KPIs that are often misunderstood or seen as overly-important include: number of interviews per role, time to fill a role, cost per hire, and percentage of cost of workforce. By now, my reasoning behind these should be very straightforward.
What you need is to have the best people in the right roles doing the most important work; absent that, you have major company-wide impact and issues.
To find the best people, the measure is not how long or how many interviews it takes to fill a role; it’s whether or not you hired the right person.
If that was the first person you interviewed, great. If it took 33% longer than expected, but you ended up with the right person, that’s equally as great. Absent a clear breakdown in process, or missing key functions of talent acquisition, it’s okay if it takes longer than expected to find the right person–it will pay dividends for years to come.
The same logic applies to cost. If cost is out of whack, you can fix that by adjusting the process and tools that are being leveraged. What you don’t want to do is to preemptively and artificially impose penalties for taking longer to hire (longer equates to more costly in this example) if it’s geared at getting the best person for the role. If it’s an issue of the right person not accepting the job and having to start over, that’s a different issue.

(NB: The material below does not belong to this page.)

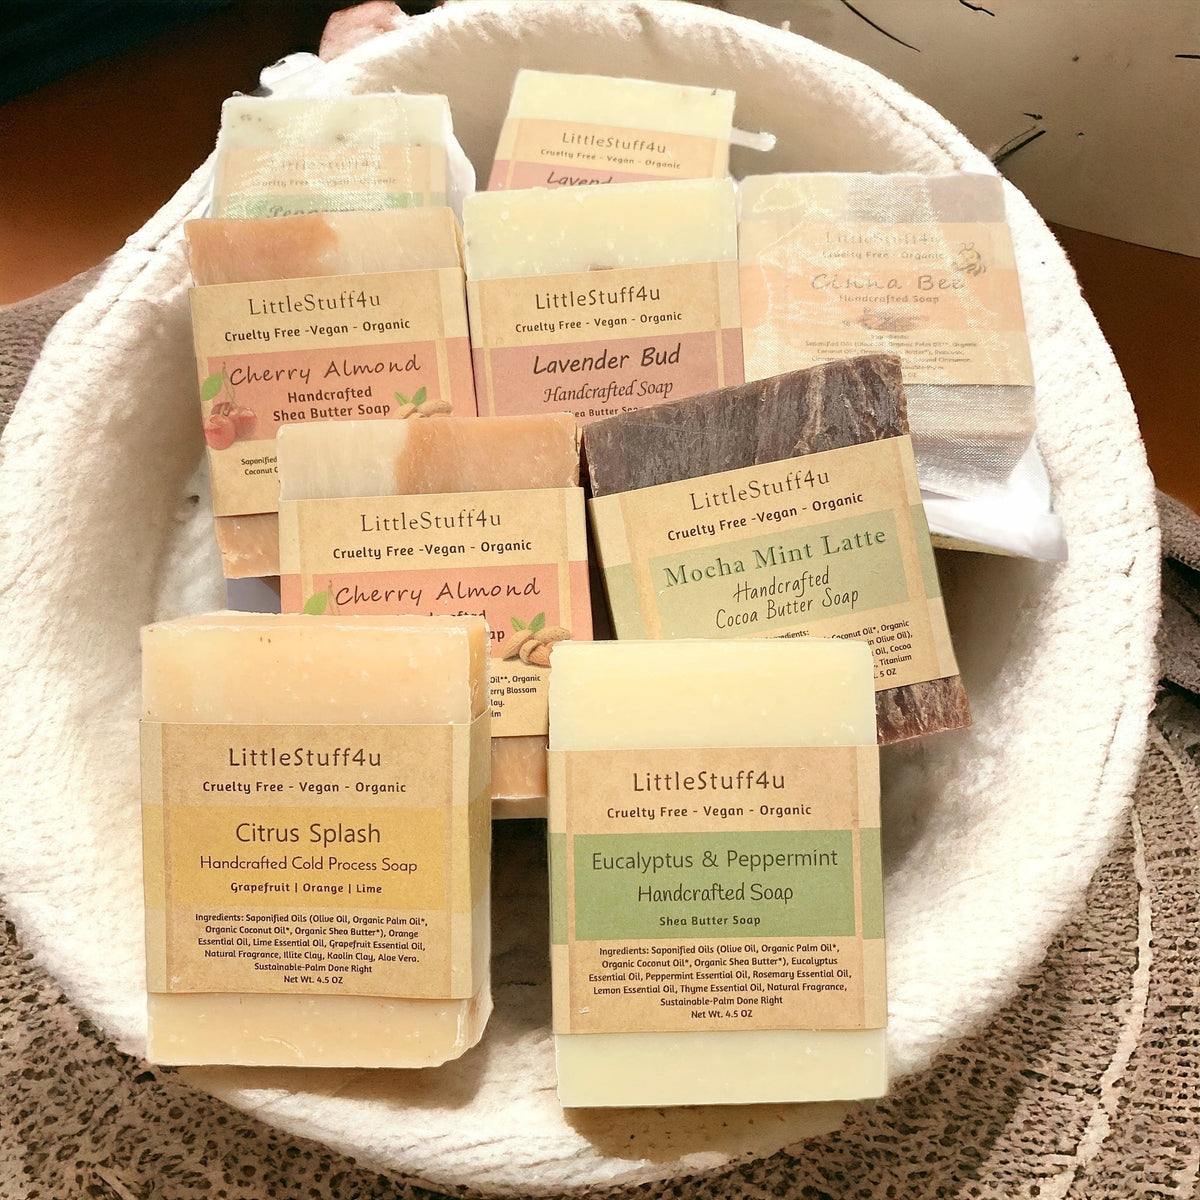 Cinnabee Natural Soap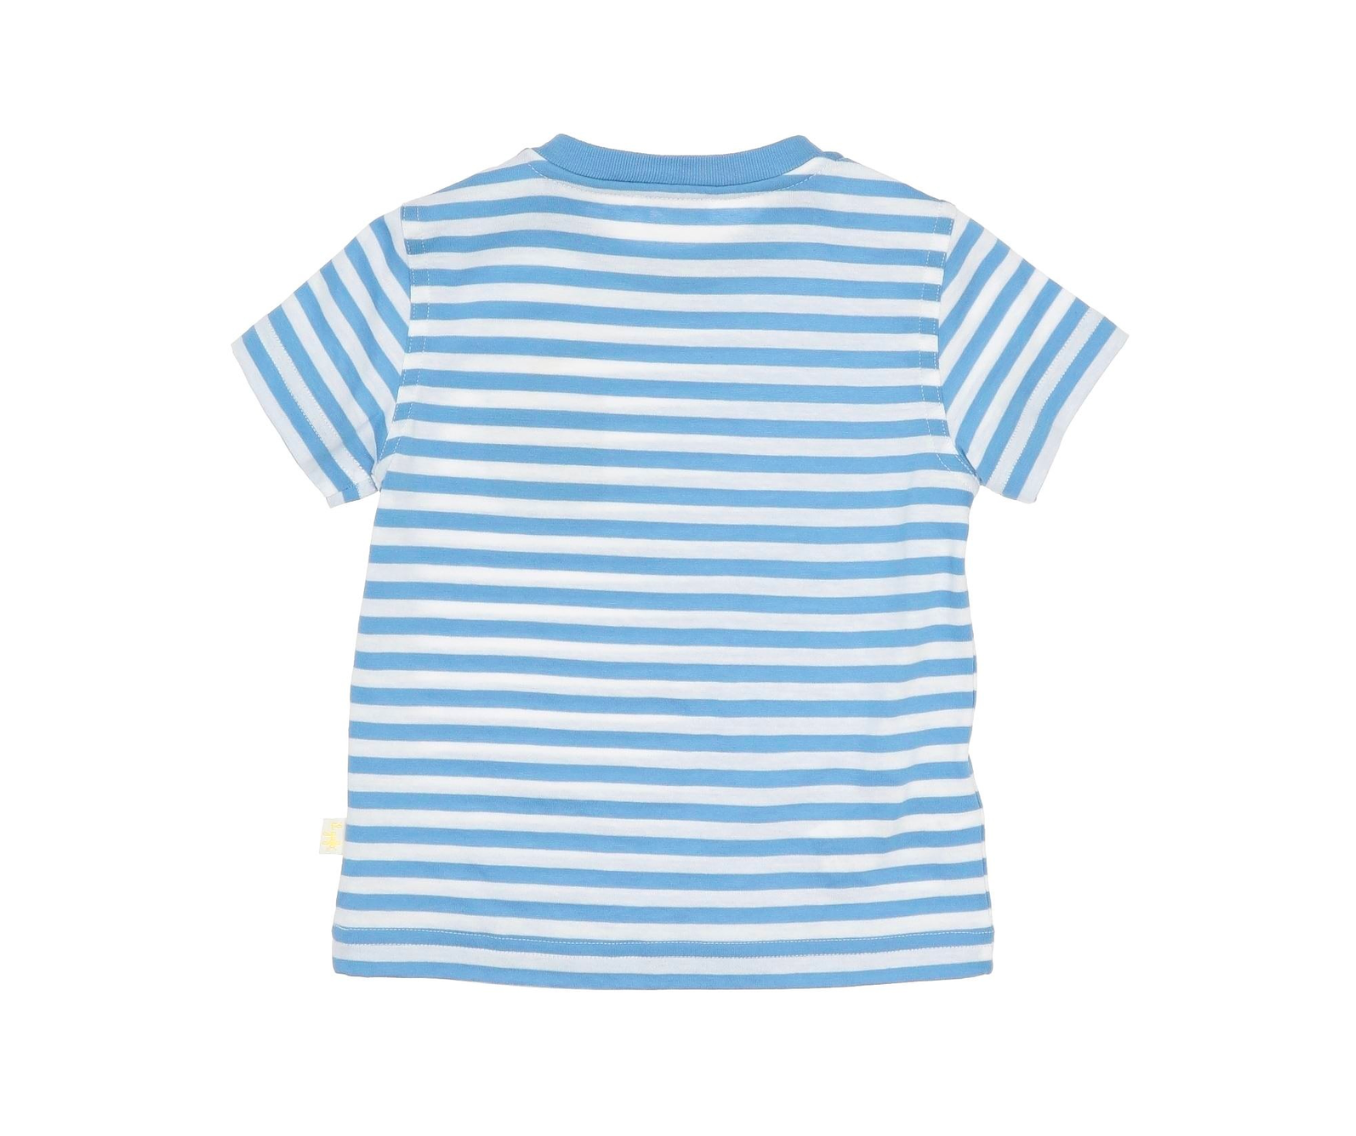 IL GUFO - Blue striped t-shirt - 1 year old

Lastly, the cost of the workforce is only an issue if there are larger, more systemic issues throughout the organization. If the corporate structure, product-market fit, or growth targets are out of sync, this can make it seem as though the cost of the workforce is out of step. However, in a world where the goals of the corporation are flowing through the entirety of the organization, the workforce’s value will always displace its cost (which can mean different things at a startup, of course).